Archive

Archive for October 19, 2020

Apache Spark – main Components & Architecture (Part 2)

October 19, 2020 1 comment

 

1. Spark Driver:

– The Driver program can run various operations in parallel on a Spark cluster.

– It is responsible to communicate with the Cluster Manager for allocation of resources for launching Spark Executors.

– And in parallel it instantiates SparkSession for the Spark Application.

– The Driver program splits the Spark Application into one or more Spark Jobs, and each Job is transformed into a DAG (Directed Acyclic Graph, aka Spark execution plan). Each DAG internally has various Stages based upon different operations to perform, and finally each Stage gets divided into multiple Tasks such that each Task maps to a single partition of data.

– Once the Cluster Manager allocates resources, the Driver program works directly with the Executors by assigning them Tasks.
 

2. Spark Session:

– A SparkSession provides a single entry point to interact with all Spark functionalities and the underlying core Spark APIs.
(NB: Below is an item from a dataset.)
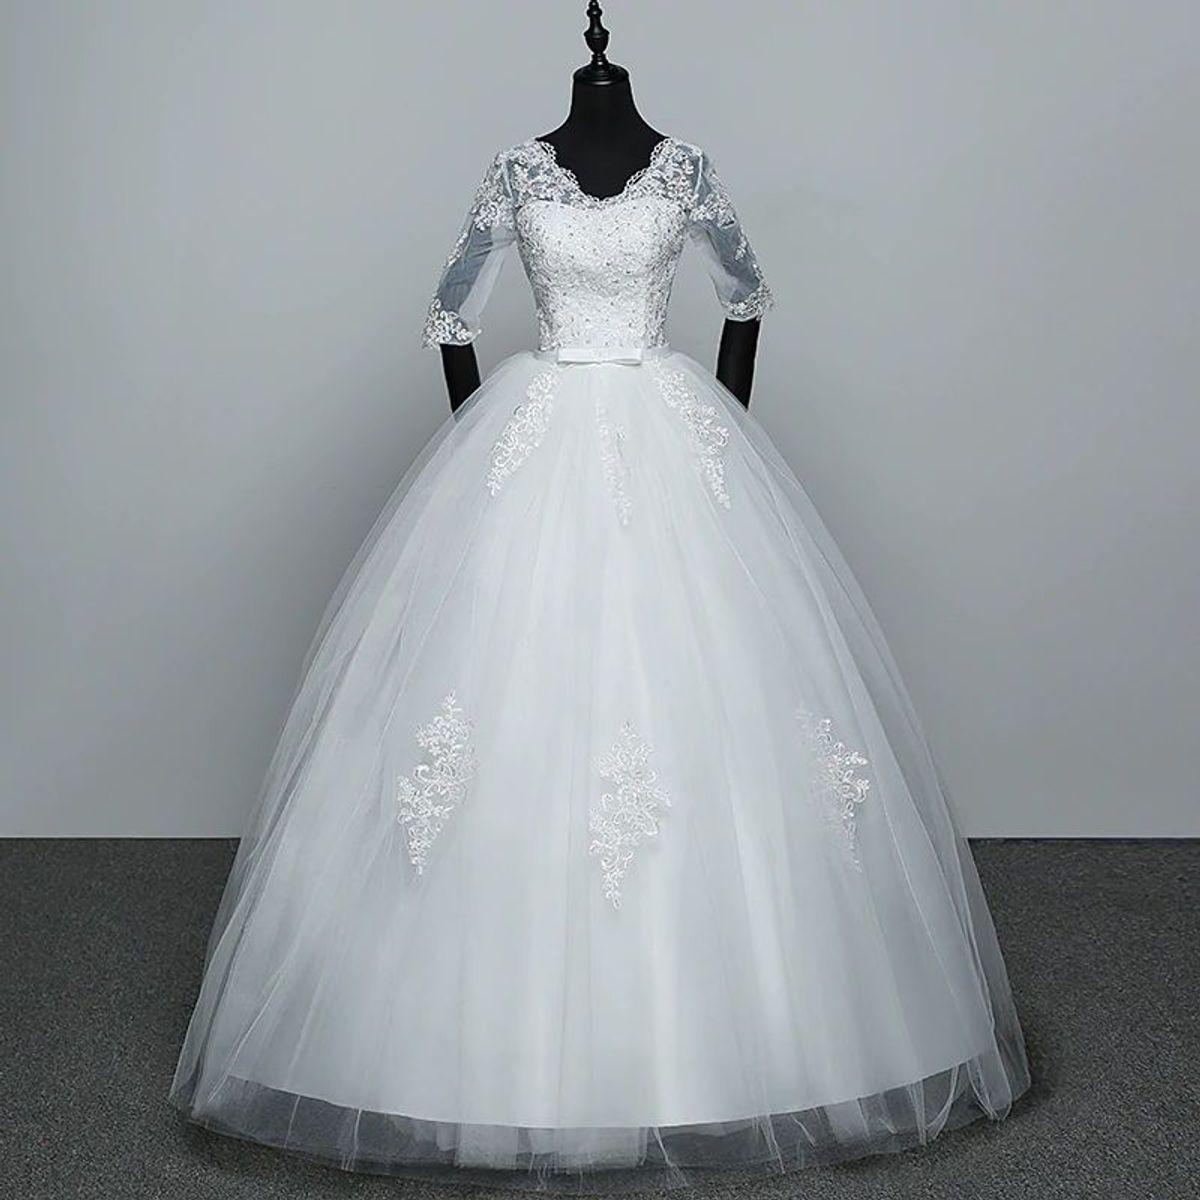 a7e2a446e Vestido Noiva Princesa Rodado Renda Bordado | Vestido Feminino ...

– For every Spark Application you’ve to create a SparkSession explicitly, but if you are working from an Interactive Shell the Spark Driver instantiates it implicitly for you.

– The role of SparkSession is also to send Spark Tasks to the executors to run.
 

3. Cluster Manager:

– Its role is to manage and allocate resources for the cluster nodes on which your Spark application is running.
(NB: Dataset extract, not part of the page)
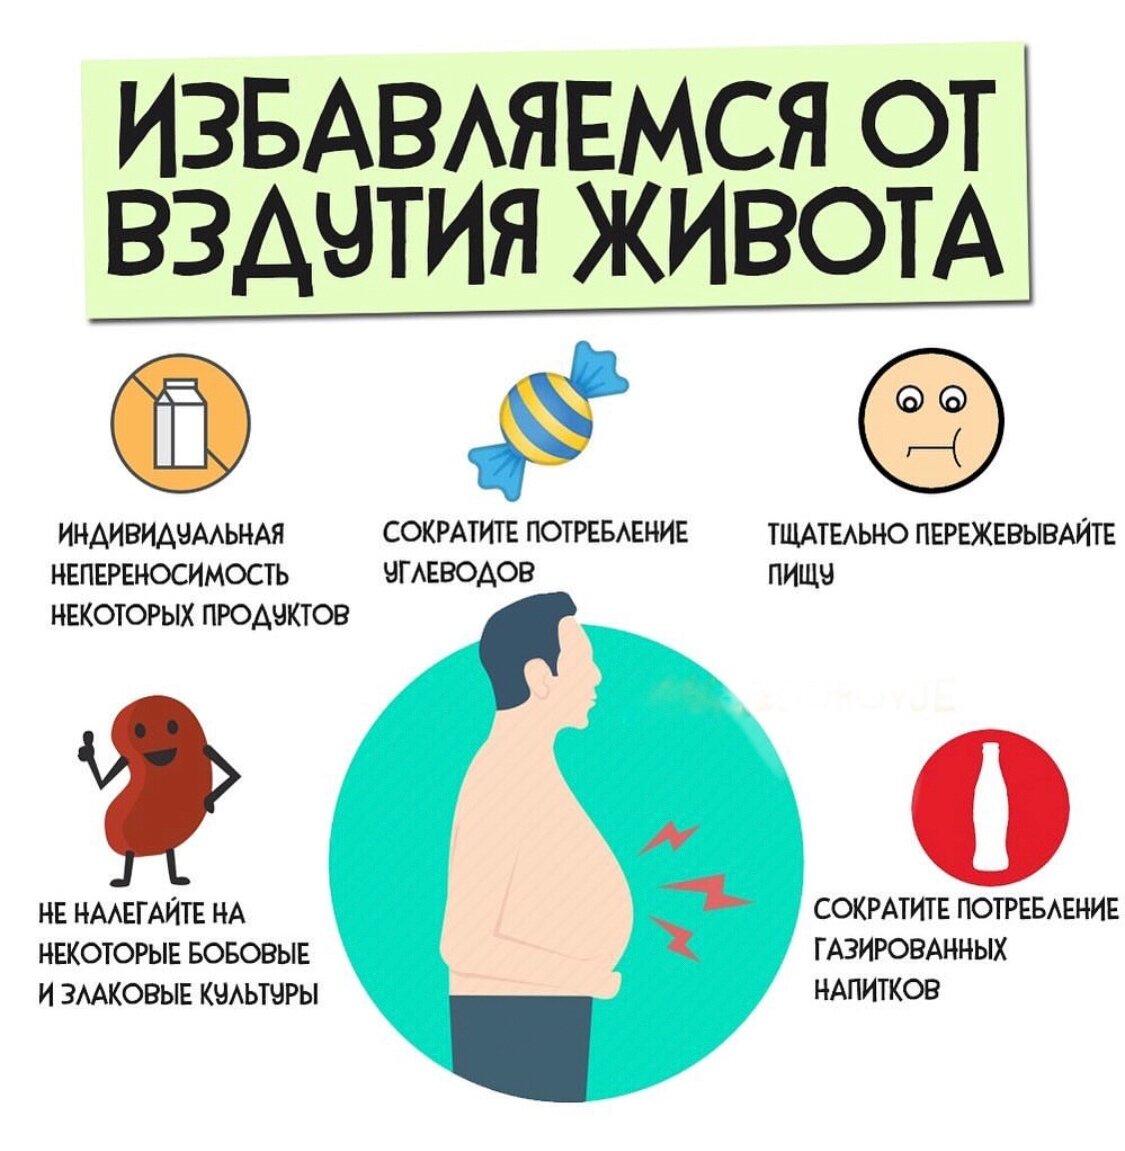 Почему пучит живот и часто отходят газы с неприятным запахом, после еды

– It works for Spark Driver and provides information about available Executor nodes and schedule Spark Tasks on them.

– Currently Spark supports built-in standalone cluster manager, Hadoop YARM, Apache Mesos and Kubernetes.
 

4. Spark Executor:

– By now you would have known what are Executors.

– These executes Tasks for an Spark Application on a Worker Node and keep communication with the Spark Driver.

– An Executor is actually a JVM running on a Worker node.